For us here at Rare Breed Goats in the far north of Scotland, glorious weather is something we are just not accustomed to, and our pets are finding it just a little bit too hot as well!
However there are certain things we can do to make a hot summer as easy as possible for our beloved pets to cope with.
1). Dog walking
Unlike the rest of the year, taking your dogs for a walk in the mid-afternoon is best to avoid as this is when it is at its hottest. Walks in the early morning or evening are best, try and plan your route near to water, the beach, rivers or a good sized pond for them to splash about in. Try to avoid pavements and tarmac, as this can have gruesome and painful consequences. To see if the street temperature is safe enough for a walk with your dog. Put the back of your hand on the pavement, and if you can't keep it there for five seconds, it's too hot for your dogs feet. Overall ensure you take lots of water with you on walks, watch for the signs of your dog overheating and never, ever, ever leave a dog in the car — even on days that do not seem that warm.
2). Provide Some Shade
Of course, it’s not just dogs that need to be protected from the warm weather; rabbits, guinea pigs and other small furries do too! It’s essential that animals that live outdoors have a shaded area, and you could consider bringing them indoors or creating a space for them in the garage. All our goats along with our sheep have plenty of places they can take shelter from the heat.
3). Sun Cream
Some animals with this light coats can be prone to sunburn and, whilst making sure they’re in the shade whilst the sun is at its strongest, it’s also possible to buy hypoallergenic sun cream which can be applied to sensitive areas such as ears and noses.
4). Damp Towel
By gently stroking your cat with a damp towel (that isn’t too cold) you can keep them cool. This technique works so effectively because it mimics what cats do to keep themselves cool.
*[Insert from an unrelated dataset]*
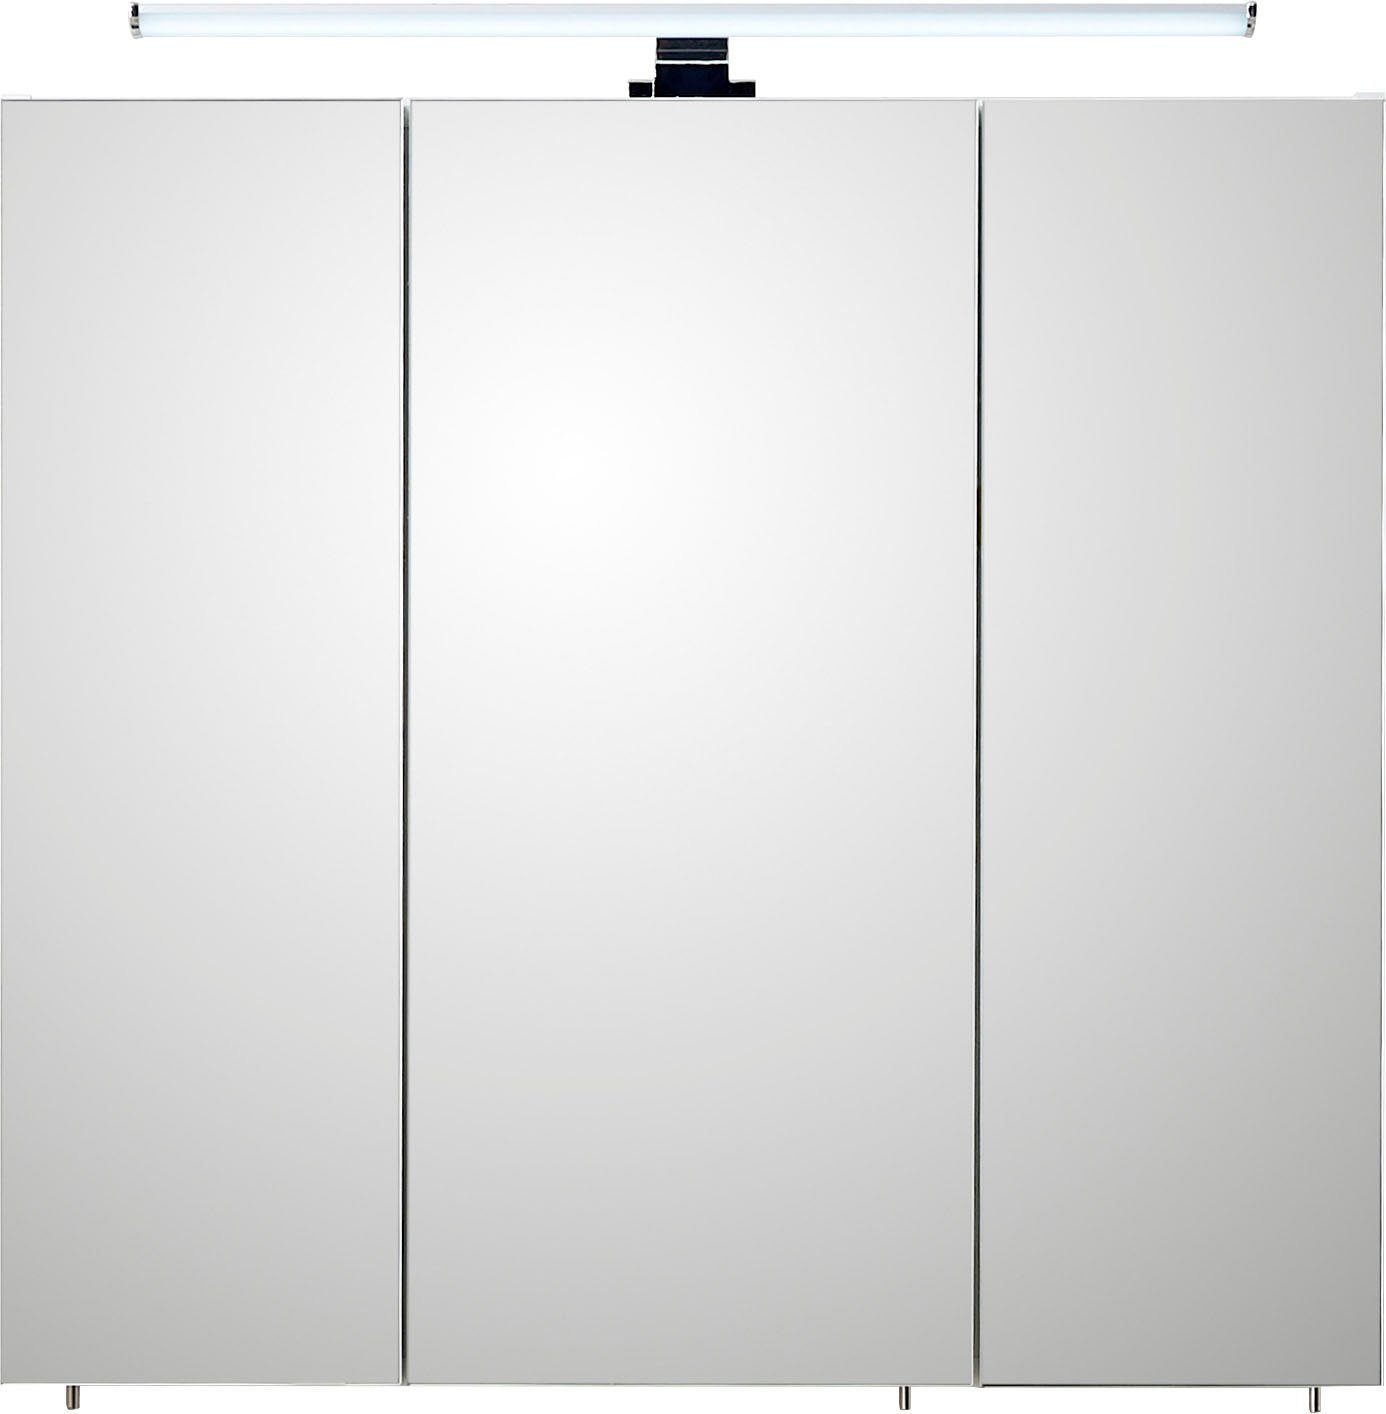 75 cm, Quickset 3-türig, PELIPAL Schalter-/Steckdosenbox Spiegelschrank 360 LED-Beleuchtung, Breite

Whilst animals naturally malt in the summer, taking them for a trim will make a world of difference in keeping them cool – especially if they have a particularly thick coat.
It’s not just us humans that suffer from allergies during the summer months - dogs can also develop allergies to pollen which makes them incredibly itchy, especially on their ears, armpits and sides. They may also get red, itchy eyes. Antihistamines and steroids are available from the vets, and vacuuming and washing dog beds regularly can help to remove allergens.